• _Task brief_
Copy each line containing the word "Shirt" from the records that follow, please.

[Extracted records]

*** Block opens ***

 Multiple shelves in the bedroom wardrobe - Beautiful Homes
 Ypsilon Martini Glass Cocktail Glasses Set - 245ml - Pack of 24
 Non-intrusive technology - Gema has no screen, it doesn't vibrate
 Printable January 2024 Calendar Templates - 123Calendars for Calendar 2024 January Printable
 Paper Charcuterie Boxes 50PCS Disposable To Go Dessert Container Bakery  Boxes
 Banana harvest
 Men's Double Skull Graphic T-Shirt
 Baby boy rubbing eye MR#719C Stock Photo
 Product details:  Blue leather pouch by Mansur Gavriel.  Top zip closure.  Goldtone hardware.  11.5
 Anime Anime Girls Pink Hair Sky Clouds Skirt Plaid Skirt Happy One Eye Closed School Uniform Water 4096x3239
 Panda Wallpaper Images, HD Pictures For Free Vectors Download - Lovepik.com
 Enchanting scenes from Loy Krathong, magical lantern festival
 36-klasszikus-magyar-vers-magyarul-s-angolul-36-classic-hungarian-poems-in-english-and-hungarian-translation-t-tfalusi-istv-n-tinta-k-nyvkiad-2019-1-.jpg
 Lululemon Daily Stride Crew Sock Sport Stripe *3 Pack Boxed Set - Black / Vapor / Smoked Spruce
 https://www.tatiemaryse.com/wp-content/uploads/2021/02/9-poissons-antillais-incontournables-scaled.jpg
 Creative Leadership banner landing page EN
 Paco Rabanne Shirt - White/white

*** Block closes ***

• _Answer to this exercise_
 Men's Double Skull Graphic T-Shirt
 Paco Rabanne Shirt - White/white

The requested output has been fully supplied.